Of course, as we get closer to the end application, it is much more tailored to that end application. Clearly, we manage by these technology platforms in addition to the end markets. With that, I hand over to our CFO, Vanessa, to talk a little bit about our long-term targets.
Just to give you a bit of a background around our targets, we initially set out some long-term targets in 2021 and revised them in 2023. In that revision, we increased the expected growth rate for our pharma business by about 100 basis points. We increased the growth rate for pharma from a revenue growth perspective to 7%-11%. We also, at that time, increased the Adjusted EBITDA target for the company by also 100 basis points, as well as the return on invested capital by about 100 basis points.
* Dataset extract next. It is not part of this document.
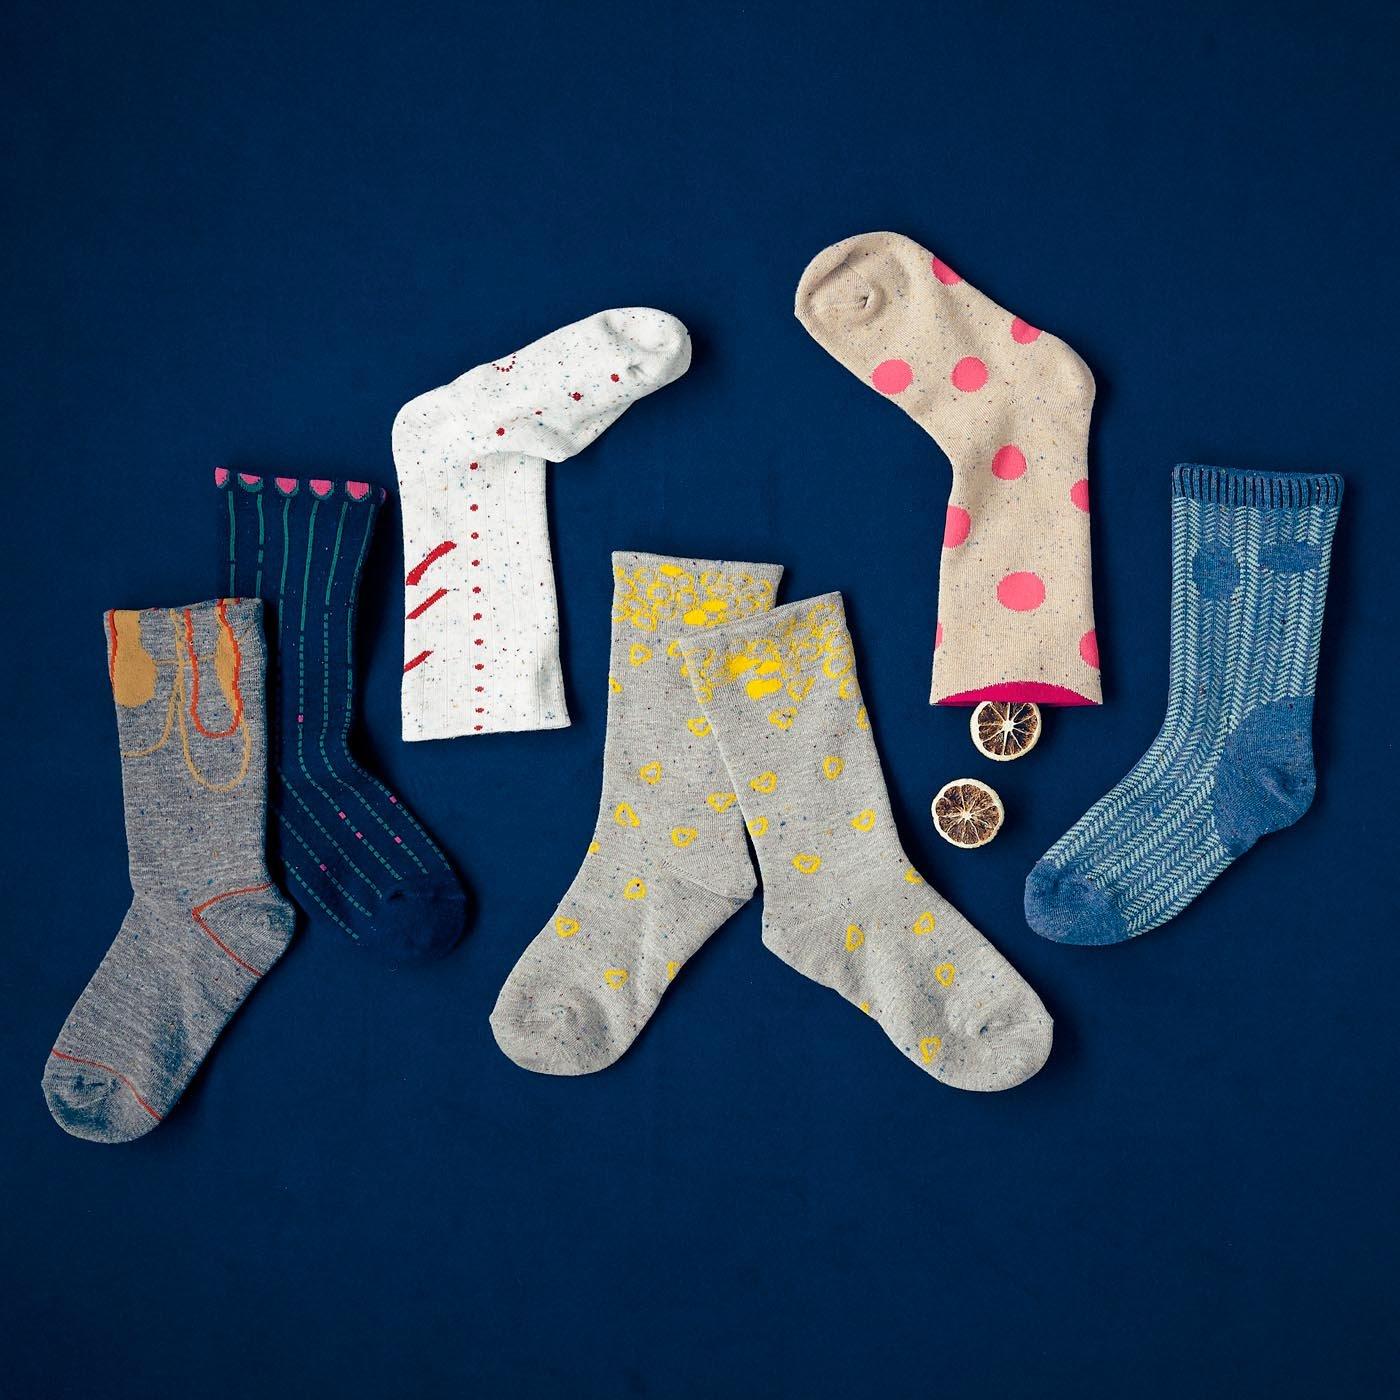 テキスタイルデザイナー 伊藤尚美さんと作った 足もとを今日の色柄で彩る 裏地シルクのゆるさら靴下の会

What I would say is, if you go back and look at our historical track record, pharma, for example, particularly if you look at the last 10 years or so, the actual CAGR, of course, the annual revenue growth varies year by year, but the actual CAGR over that time horizon has been about 8%, so well within that range. When you look at our 2024 results, our profitability has certainly been within our long-term Adjusted EBITDA target range, and our ROIC has actually been increasing for the last couple of years. We have been in the target range as well, and we ended 2024 at about 12.5% return on invested capital. Our closures business is more recently now coming in line with its long-term target range, and we expect that performance to be a lot more consistent going forward.
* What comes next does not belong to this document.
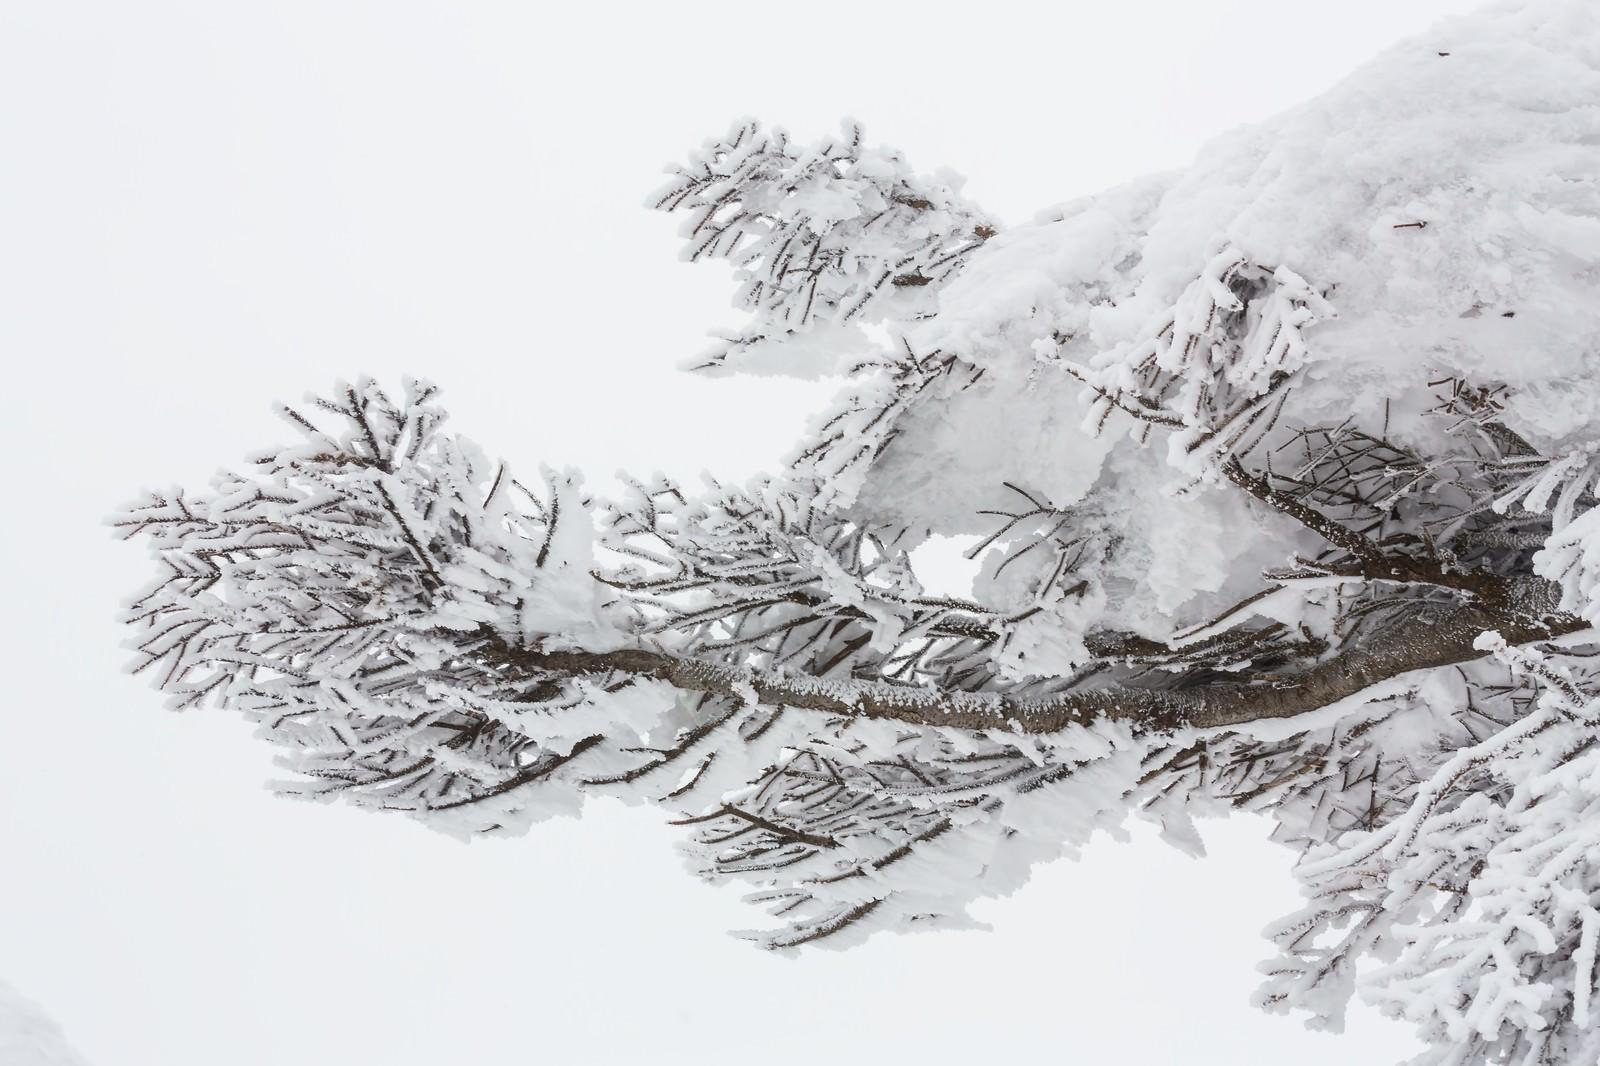 「蔵王の樹氷蔵王の樹氷」のフリー写真素材を拡大

In the beauty side of the business, we've been challenged on the top line for various reasons. However, we've done a lot of productivity work in our beauty business. As the market demand starts to come back, we certainly do expect improved performance from beauty and certainly to start to track closer to its long-term targets over time. We have followed a very disciplined and consistent and intentional capital allocation strategy. If you look at our capital allocation, it's been fairly well balanced between returns or capital invested back into our business through organic investments as well as M&A and also capital return to shareholders. Historically, we've had about a 70-30 mix. When you look at this slide here, it's actually talking more to the shareholder side of the equation. We are a dividend aristocrat, as you can see on the slide.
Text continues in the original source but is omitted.